Esto no quiere decir que no pueda haber, como lo prueban la experiencia y la historia, un momento de resistencia, pero es breve. En toda la medida en que, como analistas — quiero decir en toda la medida de nuestra mayor o menor implicación: interesarse un poco por el análisis ya es estar algo implicado— , en toda la medida de nuestra implicación en la técnica psicoanalítica, debemos encontrar en la elaboración de los conceptos el mismo obstáculo designado, reconocido como constituyente de los límites de la experiencia analítica, a saber, la angustia de castración.

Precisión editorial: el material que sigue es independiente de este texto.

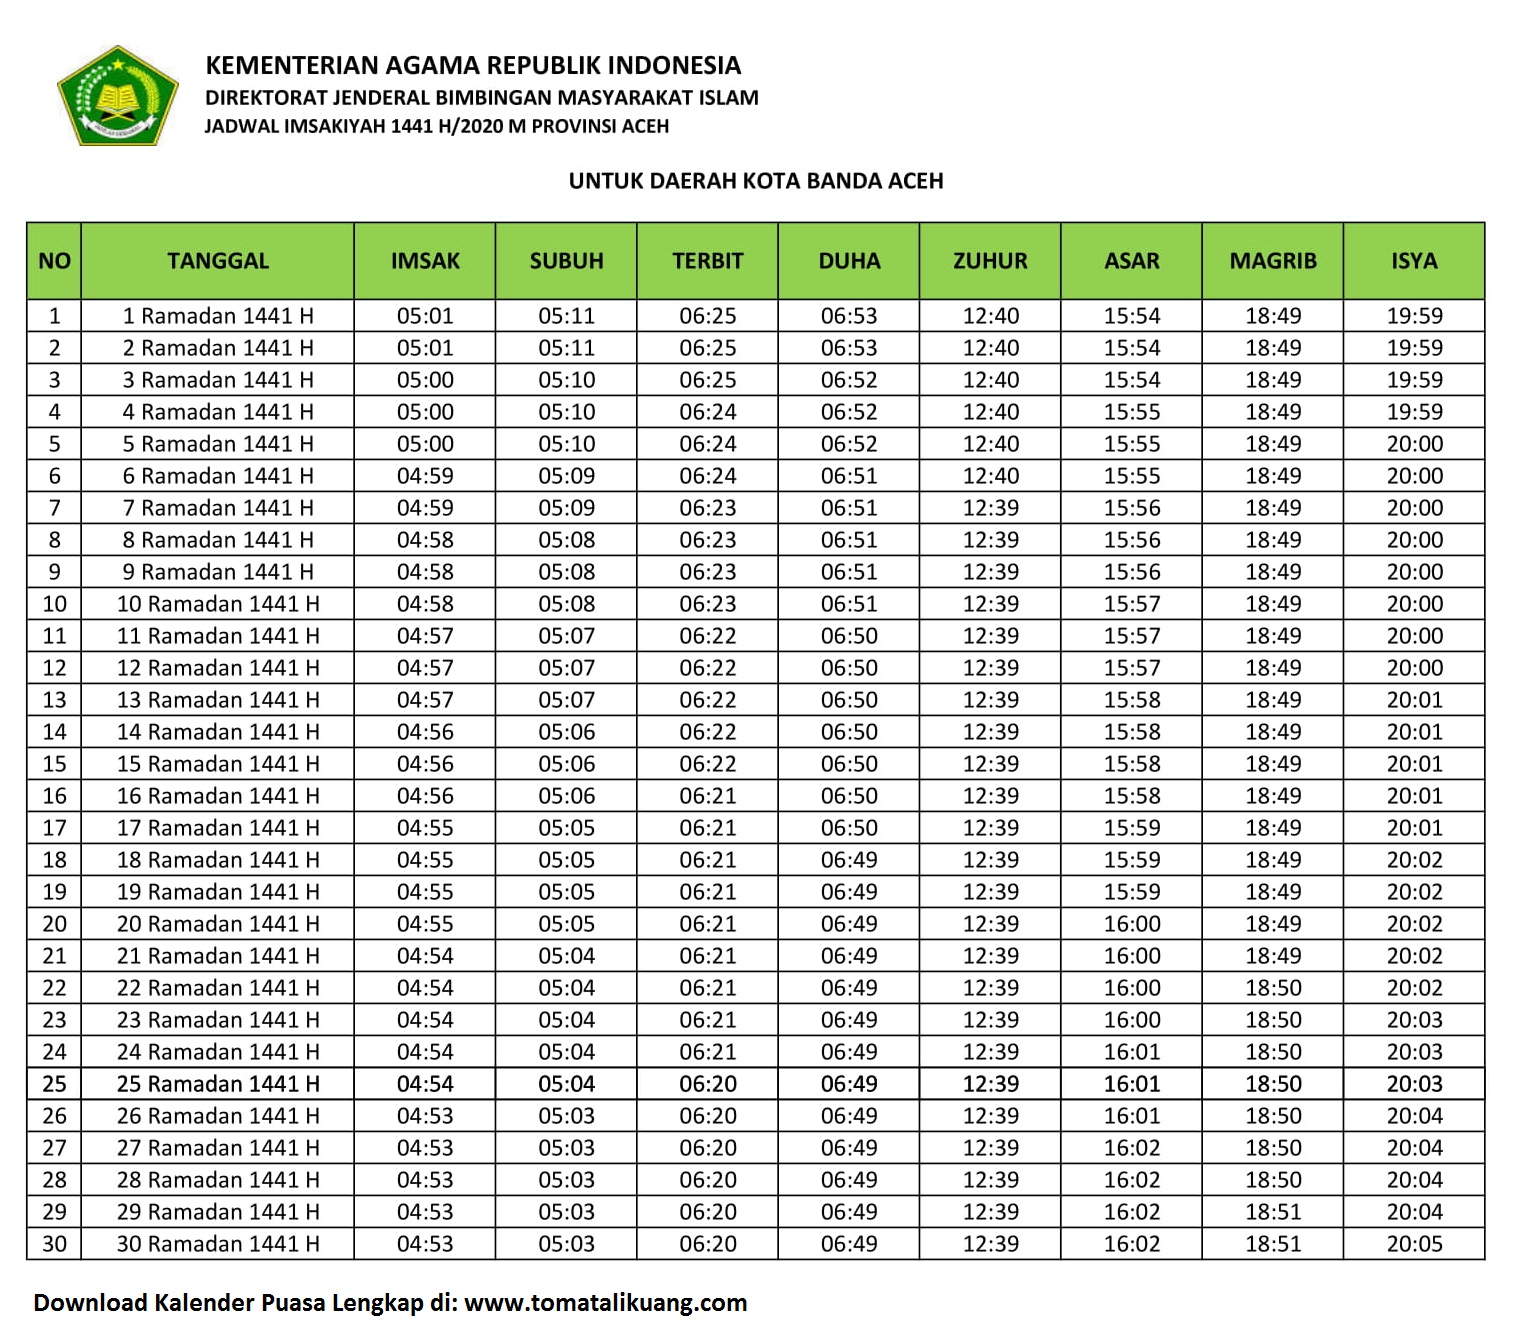 Jadwal Imsakiyah & Buka Puasa Kota Banda Aceh 2020 / 1441 H (Kalender
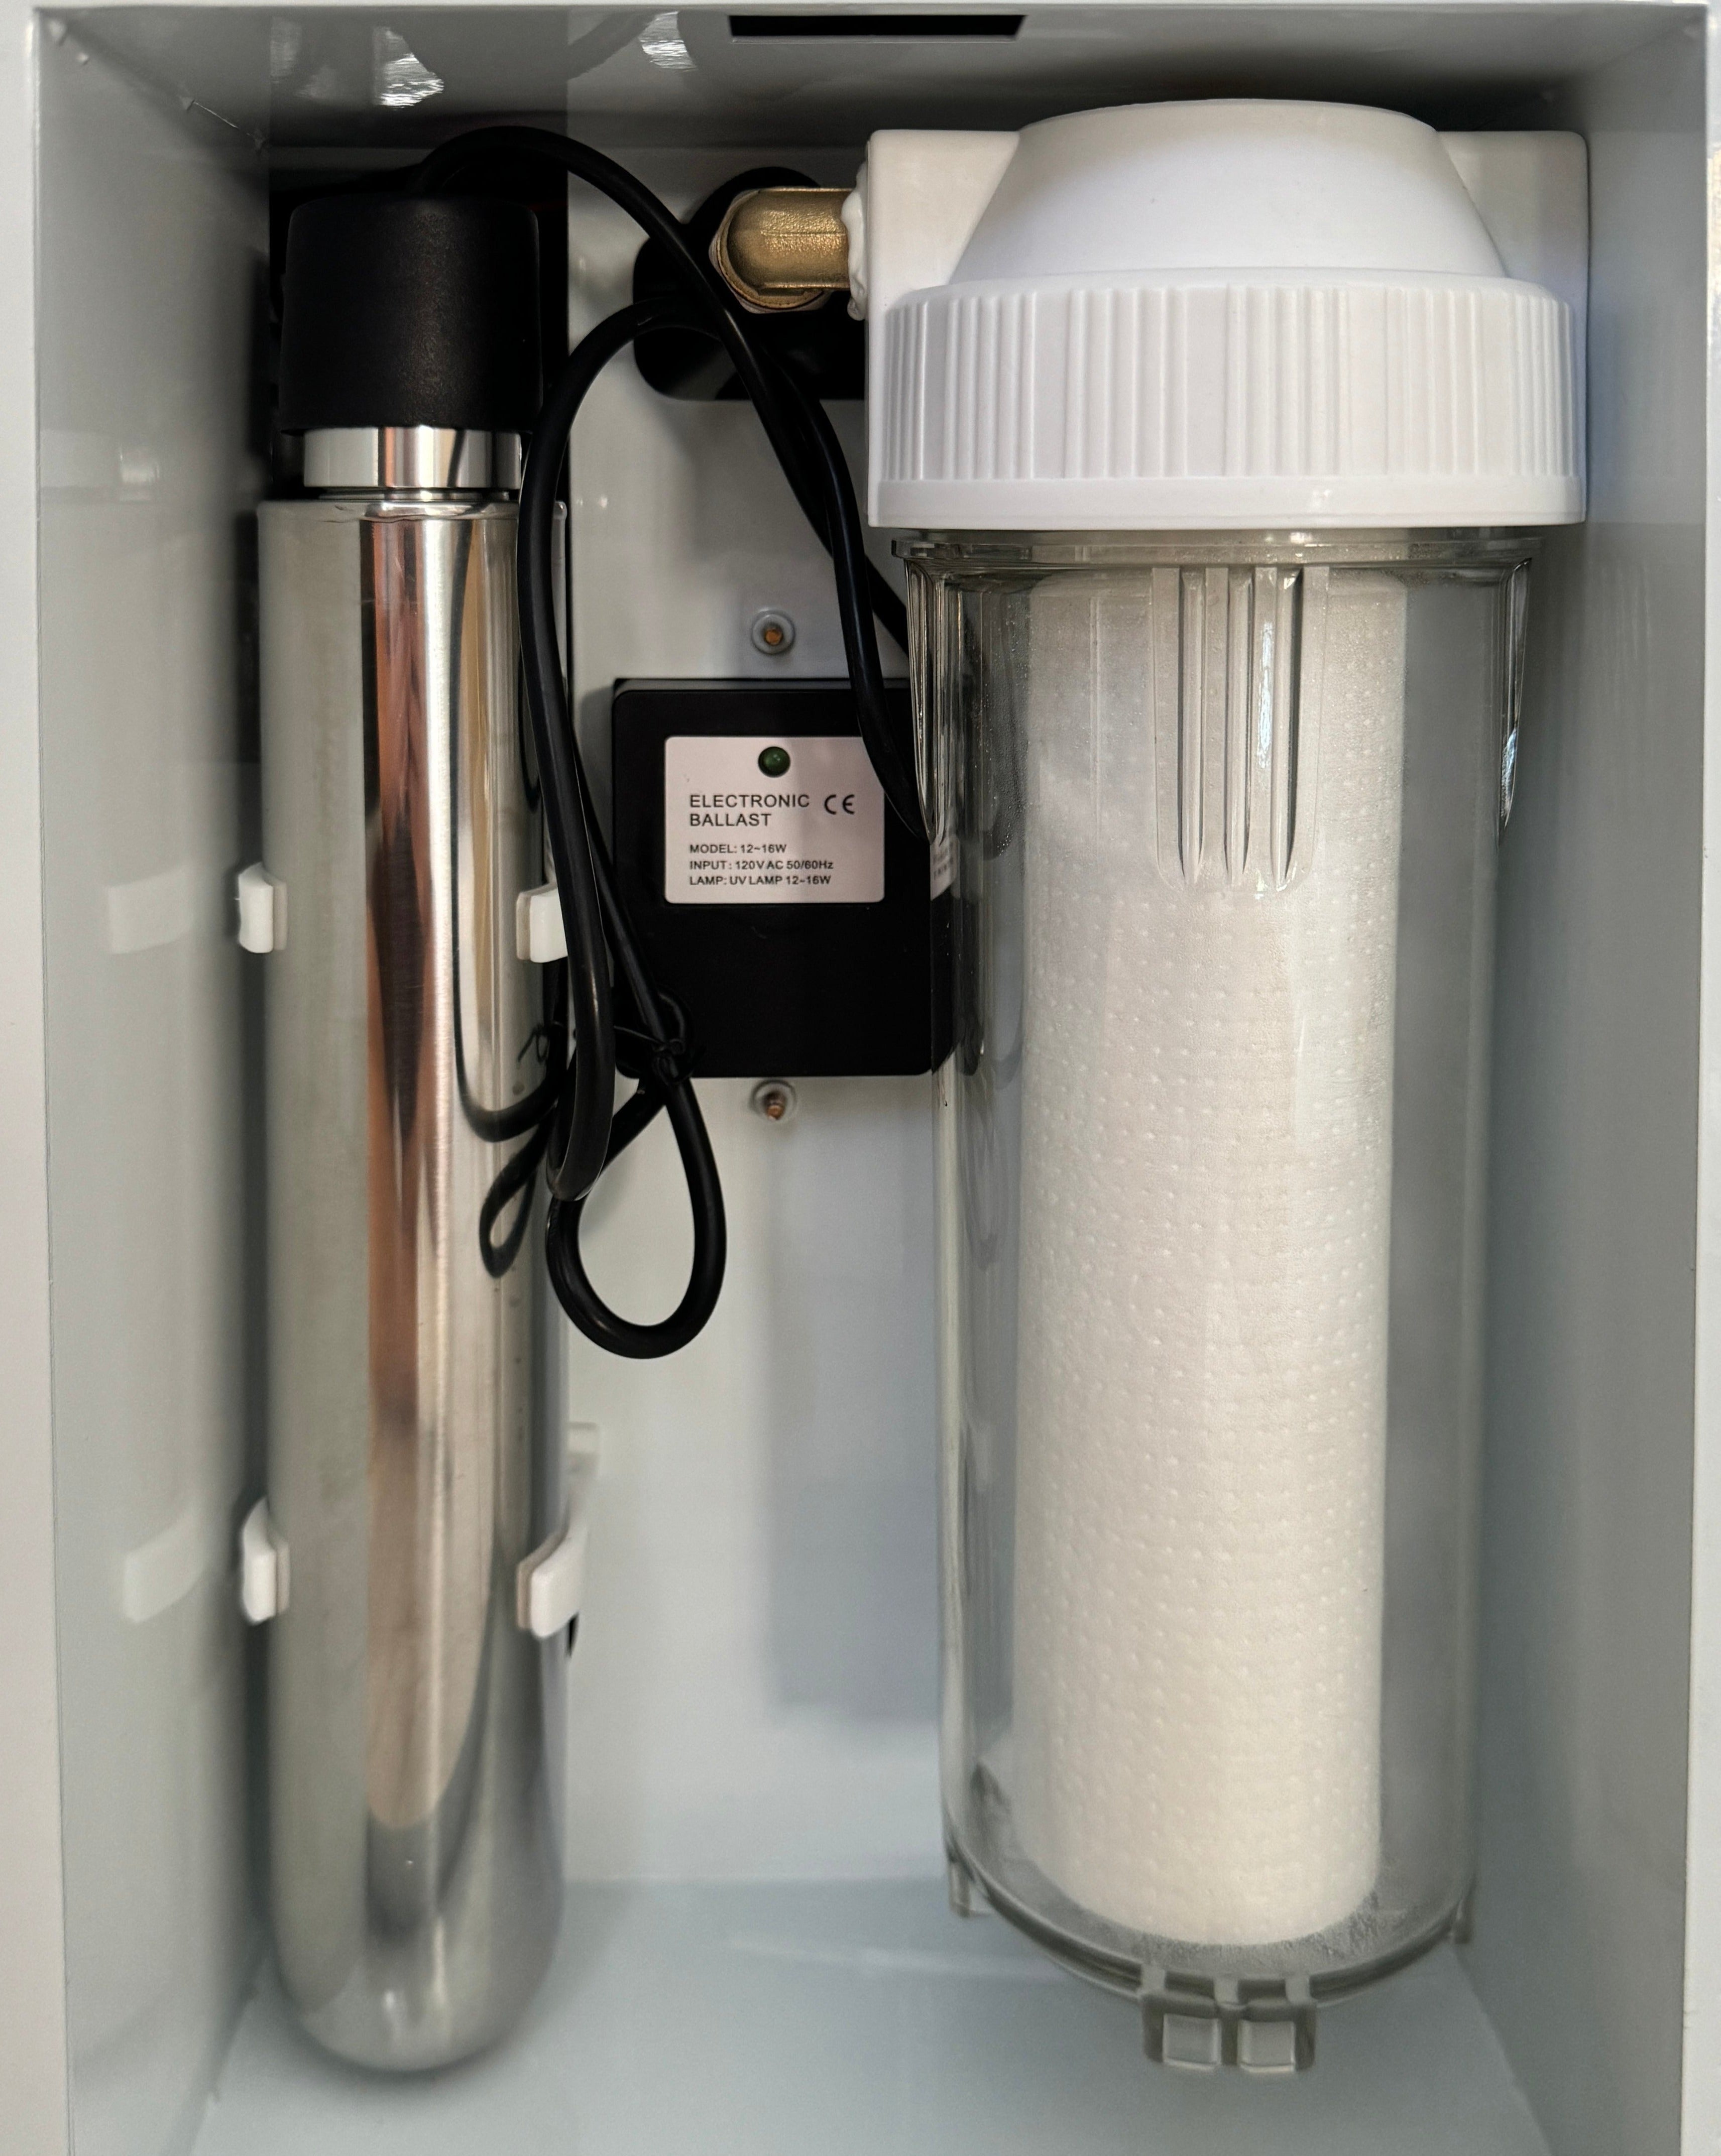 UV light (left) & White Filter for Osone Pro Chiller (right)

Es como si lo que me llega a diversas distancias de mi voz — y no siempre forzosamente para responder a lo que dije, sino por cierto en determinada zona de respuesta— , es como si en ciertos momentos se endurecieran ciertas posiciones técnicas, estrictamente correlativas, en esta materia, de lo que puedo llamar «limitación de la comprensión»; es también como si para superar esos limites yo hubiera elegido una perfectamente definida, a nivel de la edad escolar, por una escuela pedagógica que en cierto modo plantea los problemas de la relación de la enseñanza escolar con la maduración del pensa miento del niño; es como si yo me adhiriera — me adhiero, en efecto, a examinar de cerca ese debate pedagógico a un modo de procedimiento pedagógico que está lejos —  créanlo, pueden comprobarlo, hay entre ustedes algunos que están más cerca que los otros, más necesitados de interesarse por esos procedimientos pedagógicos— , verán que las escuelas están lejos de ponerse de acuerdo sobre el procedimiento que ahora voy a articular y definir. Para cierta escuela todo está gobernado por una maduración autónoma de la inteligencia, y no se hace otra cosa que acompañar esa maduración (hablo de la edad escolar); para las otras hay una falla, una abertura (béance). A la primera asociémosla, por ejemplo, con las teorías de Stern — no lo dije antes porque pienso que buena parte de ustedes nunca abrió los trabajos de este psicólogo universalmente reconocido— ; para las otras, Piaget digamos, hay una abertura (béance), una falla entre lo que el pensamiento infantil es capaz de formar y lo que puede serle aportado por la científica. Está claro que, si examinan esto con atención, en los dos casos se reduce a cero la eficacia de la enseñanza como tal.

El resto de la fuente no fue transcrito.